# T31 roof racks to fit T30



## nikolav (Jun 12, 2017)

Hi there!
Anyone tried to fit roof bars for T31 to T30?
Ebay is full with affordable racks for T31, but much less options for T30.
I am interested in specifically these one:
1pair Car Roof Roof Cross Rack Bar Fit For Nissan X-Trail 2008-2012 | eBay

The roof rack selector at Roof Racks & Accessories To Suit Most Models - Prorack NZ recommends the same racks fitting kits for both cars. But still I've heard they are of different length.


----------



## quadraria10 (Jul 6, 2010)

Hi Nikolav
Somehow I don't think they will fit. I think T31s might fit a T32 or new Rogue here. Sadly its easier to find aftermarket stuff like this for newer rather than older models. I remember there were more options on ebay 8 years ago for ours. 
These look pretty good 

Aluminium Roof Bars to fit Nissan X-Trail (Fixpoint Models) 2001-2006 | eBay.

You might be able to find oe Nissan ones on a wrecked one if you are lucky.


----------



## nikolav (Jun 12, 2017)

Thank you, quadraria10
They are out of stock currently, but they do look good. I'll keep an eye on them.


----------



## quadraria10 (Jul 6, 2010)

Here is possibly another option. Price is pretty good.

For Flush Rails Mount Rooftop Rack Cross Bars Travel Kit w/Keylock | eBay

oops did not notice that shipping charges were over the top...


----------



## nikolav (Jun 12, 2017)

quadraria10 said:


> Here is possibly another option. Price is pretty good.
> 
> For Flush Rails Mount Rooftop Rack Cross Bars Travel Kit w/Keylock | eBay
> 
> oops did not notice that shipping charges were over the top...

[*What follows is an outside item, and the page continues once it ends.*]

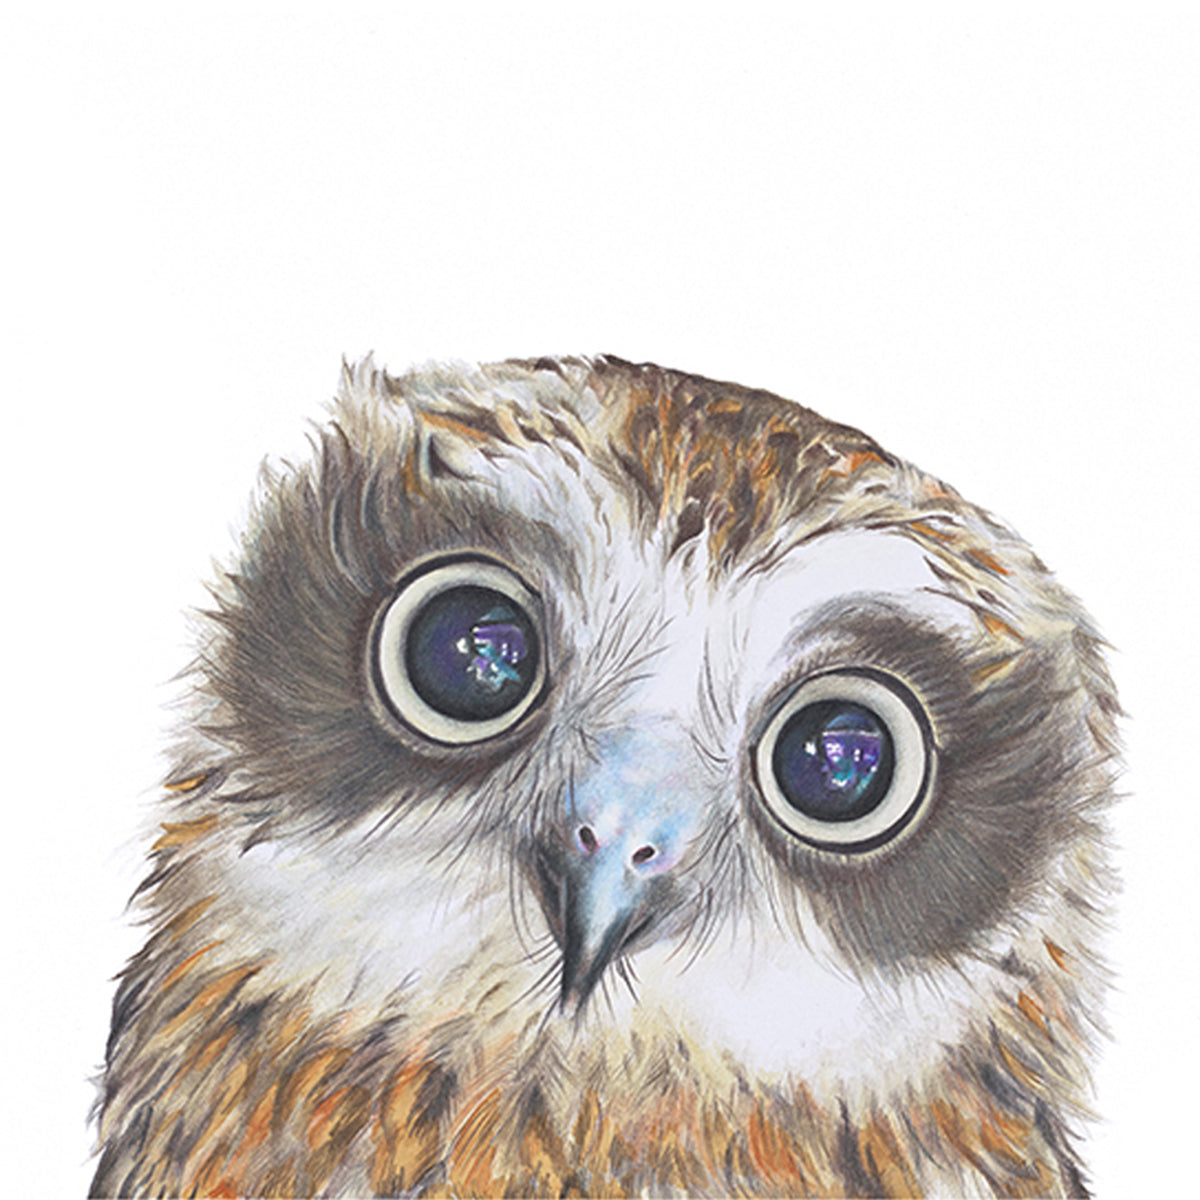 Boobook Owl Greeting Card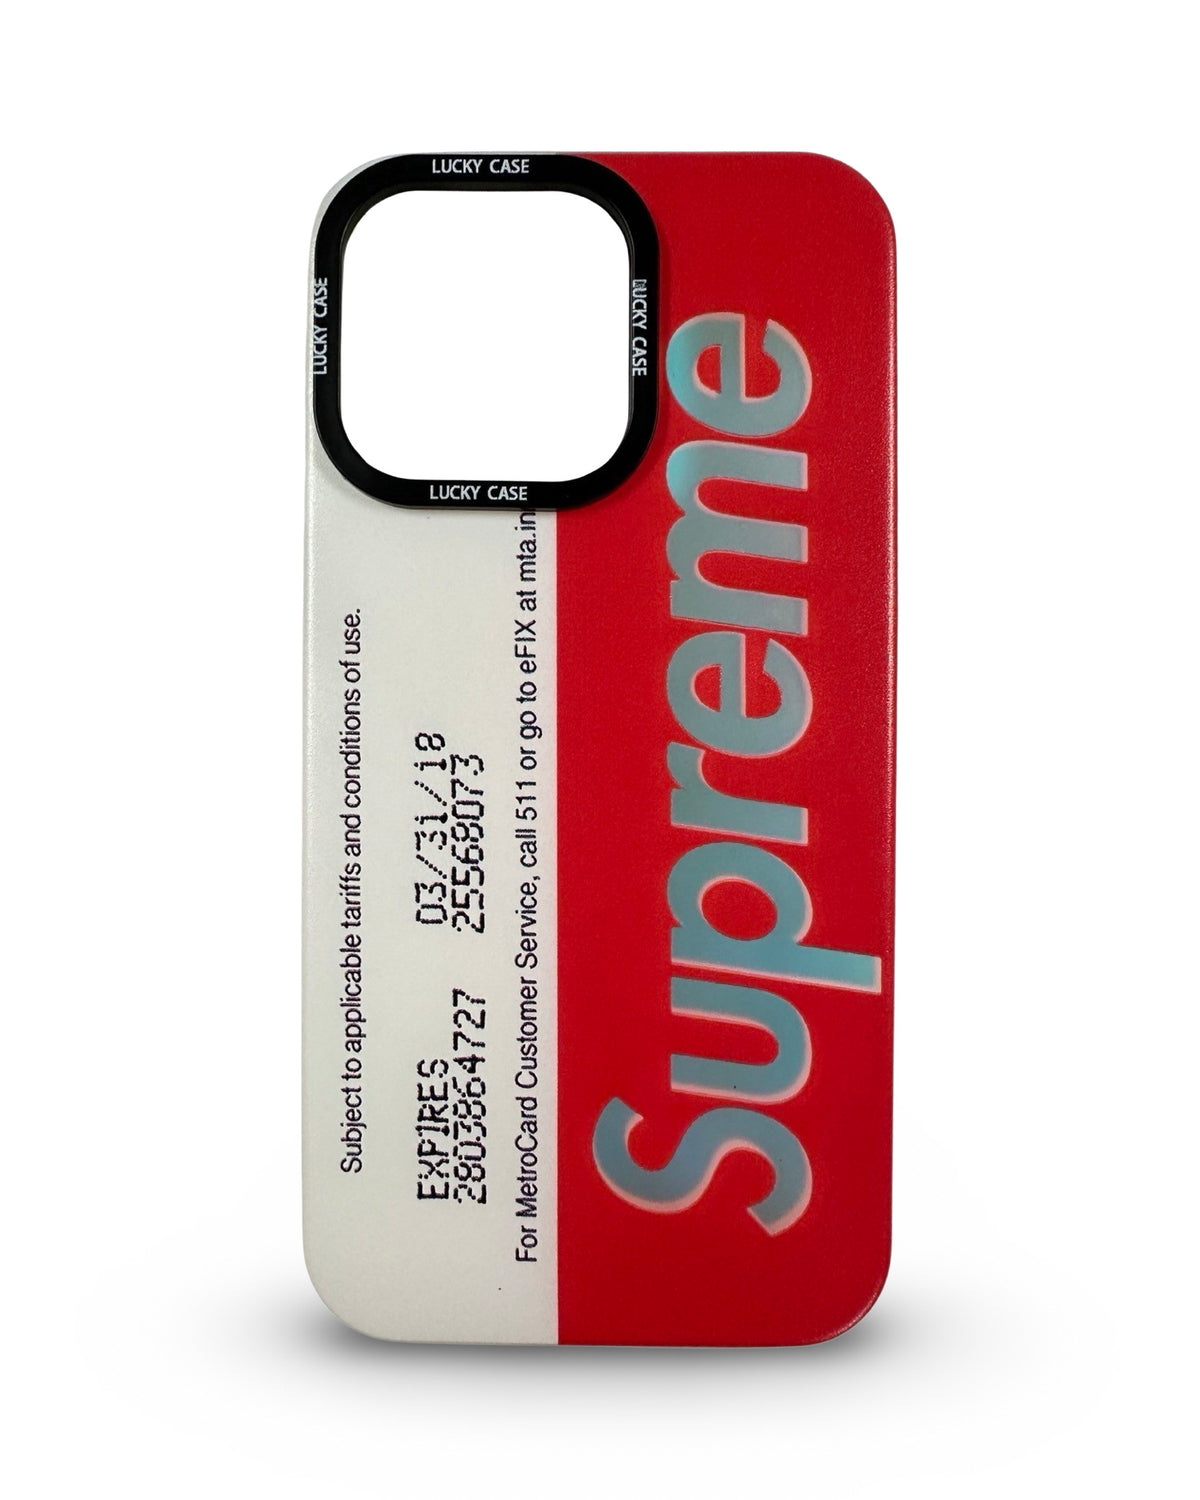 CaseNerd "SUP MetroCard" iPhone Case

Yeah, especially when you live in New Zealand the first thing you pay attention at is the shipping charge 
But anyway, these one are not for fixed-type rails as mine X-Trail.


----------



## GX-Trailer (May 31, 2015)

As I live in Rio where the summer is very hot and my Exy is black, I'm seeking help. I've thought of simply having the roof painted white. Another solution might be to tie white canvas with eyelets and strong chord to the 2 basic roof rails. Perhaps better would be to fit an upper aluminium roof, about 2cm above, like many traditional Land Rovers. The sun would be kept off the original roof and air would blow through the space. As on the Land Rovers mentioned it'd be important to have the leading edge sloping slightly down so that wind would not tear it off. Have you ever done or seen something like this?


----------